━━ DATA PROVIDED
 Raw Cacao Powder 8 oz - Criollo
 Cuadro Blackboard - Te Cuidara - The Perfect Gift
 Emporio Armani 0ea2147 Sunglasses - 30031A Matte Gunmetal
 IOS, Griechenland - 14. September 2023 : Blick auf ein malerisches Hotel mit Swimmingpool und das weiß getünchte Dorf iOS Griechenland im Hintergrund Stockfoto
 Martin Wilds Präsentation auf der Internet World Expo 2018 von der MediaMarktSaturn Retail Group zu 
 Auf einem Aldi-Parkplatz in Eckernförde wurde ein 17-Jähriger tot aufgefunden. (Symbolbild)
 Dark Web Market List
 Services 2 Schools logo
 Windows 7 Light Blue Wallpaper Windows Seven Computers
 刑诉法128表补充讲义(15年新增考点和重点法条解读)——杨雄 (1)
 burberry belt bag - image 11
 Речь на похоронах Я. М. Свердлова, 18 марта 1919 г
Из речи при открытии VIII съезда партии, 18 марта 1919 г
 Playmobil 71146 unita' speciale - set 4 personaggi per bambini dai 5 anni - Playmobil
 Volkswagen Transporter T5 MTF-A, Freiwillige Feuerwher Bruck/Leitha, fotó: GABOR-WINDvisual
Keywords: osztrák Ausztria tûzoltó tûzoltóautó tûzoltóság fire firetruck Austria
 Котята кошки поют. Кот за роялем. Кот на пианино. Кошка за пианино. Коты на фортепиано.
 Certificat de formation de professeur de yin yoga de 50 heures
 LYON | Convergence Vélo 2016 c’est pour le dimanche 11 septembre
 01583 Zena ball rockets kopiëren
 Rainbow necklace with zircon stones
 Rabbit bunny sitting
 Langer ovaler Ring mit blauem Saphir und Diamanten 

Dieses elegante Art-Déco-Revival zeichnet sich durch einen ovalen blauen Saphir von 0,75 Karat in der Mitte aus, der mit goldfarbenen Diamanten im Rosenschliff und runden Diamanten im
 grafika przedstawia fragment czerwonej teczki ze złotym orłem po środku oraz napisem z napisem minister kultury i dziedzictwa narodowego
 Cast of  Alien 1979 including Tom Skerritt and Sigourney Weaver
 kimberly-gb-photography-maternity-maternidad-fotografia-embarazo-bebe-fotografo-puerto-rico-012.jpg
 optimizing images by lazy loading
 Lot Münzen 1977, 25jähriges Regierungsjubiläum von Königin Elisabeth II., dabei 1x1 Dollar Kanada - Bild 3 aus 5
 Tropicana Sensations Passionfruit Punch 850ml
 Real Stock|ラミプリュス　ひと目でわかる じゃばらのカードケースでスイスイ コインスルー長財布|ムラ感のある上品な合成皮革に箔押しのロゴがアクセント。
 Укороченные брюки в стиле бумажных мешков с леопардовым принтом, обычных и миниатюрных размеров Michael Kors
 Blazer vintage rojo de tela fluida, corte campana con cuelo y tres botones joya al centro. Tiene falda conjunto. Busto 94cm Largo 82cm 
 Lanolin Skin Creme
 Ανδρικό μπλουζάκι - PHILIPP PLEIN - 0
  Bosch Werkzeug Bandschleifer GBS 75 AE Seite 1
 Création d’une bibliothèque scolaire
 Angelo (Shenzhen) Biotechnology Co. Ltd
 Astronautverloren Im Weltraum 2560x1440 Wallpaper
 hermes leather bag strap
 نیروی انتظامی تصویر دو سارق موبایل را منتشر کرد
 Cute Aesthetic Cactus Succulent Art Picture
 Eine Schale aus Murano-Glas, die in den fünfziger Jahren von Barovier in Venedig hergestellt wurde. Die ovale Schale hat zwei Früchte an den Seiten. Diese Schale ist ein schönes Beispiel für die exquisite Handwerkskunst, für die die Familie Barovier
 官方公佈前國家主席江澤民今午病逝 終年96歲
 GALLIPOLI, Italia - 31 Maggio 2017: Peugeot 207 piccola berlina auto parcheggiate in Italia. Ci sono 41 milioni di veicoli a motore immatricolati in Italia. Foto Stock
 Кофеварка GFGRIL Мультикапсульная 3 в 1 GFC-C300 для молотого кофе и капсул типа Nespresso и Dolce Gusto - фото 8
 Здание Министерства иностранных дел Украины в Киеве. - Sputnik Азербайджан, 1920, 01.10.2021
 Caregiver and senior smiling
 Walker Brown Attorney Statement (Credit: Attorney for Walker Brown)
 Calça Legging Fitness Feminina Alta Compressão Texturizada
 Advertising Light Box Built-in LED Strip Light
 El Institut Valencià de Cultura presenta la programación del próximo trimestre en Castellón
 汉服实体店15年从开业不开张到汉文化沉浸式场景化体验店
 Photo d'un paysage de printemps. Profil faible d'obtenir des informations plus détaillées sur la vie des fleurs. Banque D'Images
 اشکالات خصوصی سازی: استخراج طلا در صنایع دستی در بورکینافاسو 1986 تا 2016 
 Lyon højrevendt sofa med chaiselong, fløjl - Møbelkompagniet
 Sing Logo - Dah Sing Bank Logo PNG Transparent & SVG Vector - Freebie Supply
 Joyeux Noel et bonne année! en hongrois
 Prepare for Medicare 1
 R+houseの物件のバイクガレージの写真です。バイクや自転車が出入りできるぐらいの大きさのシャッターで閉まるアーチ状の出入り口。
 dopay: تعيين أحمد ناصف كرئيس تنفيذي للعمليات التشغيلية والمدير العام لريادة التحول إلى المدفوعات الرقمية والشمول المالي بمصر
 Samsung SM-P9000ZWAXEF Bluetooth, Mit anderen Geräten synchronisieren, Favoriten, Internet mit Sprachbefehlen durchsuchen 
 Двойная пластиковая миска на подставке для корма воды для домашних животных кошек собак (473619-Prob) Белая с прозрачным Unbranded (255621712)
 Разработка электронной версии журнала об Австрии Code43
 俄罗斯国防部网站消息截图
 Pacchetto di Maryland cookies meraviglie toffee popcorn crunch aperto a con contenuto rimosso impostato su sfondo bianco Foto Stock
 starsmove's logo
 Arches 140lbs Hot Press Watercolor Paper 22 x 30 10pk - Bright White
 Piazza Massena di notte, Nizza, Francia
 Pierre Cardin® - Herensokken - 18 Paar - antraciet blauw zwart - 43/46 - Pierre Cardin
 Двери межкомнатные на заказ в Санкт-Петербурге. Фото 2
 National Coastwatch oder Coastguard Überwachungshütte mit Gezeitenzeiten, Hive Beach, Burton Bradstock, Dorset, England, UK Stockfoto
━━━━
Which of the lines above mention the word "Stockfoto"? Pull those lines out.

 IOS, Griechenland - 14. September 2023 : Blick auf ein malerisches Hotel mit Swimmingpool und das weiß getünchte Dorf iOS Griechenland im Hintergrund Stockfoto
 National Coastwatch oder Coastguard Überwachungshütte mit Gezeitenzeiten, Hive Beach, Burton Bradstock, Dorset, England, UK Stockfoto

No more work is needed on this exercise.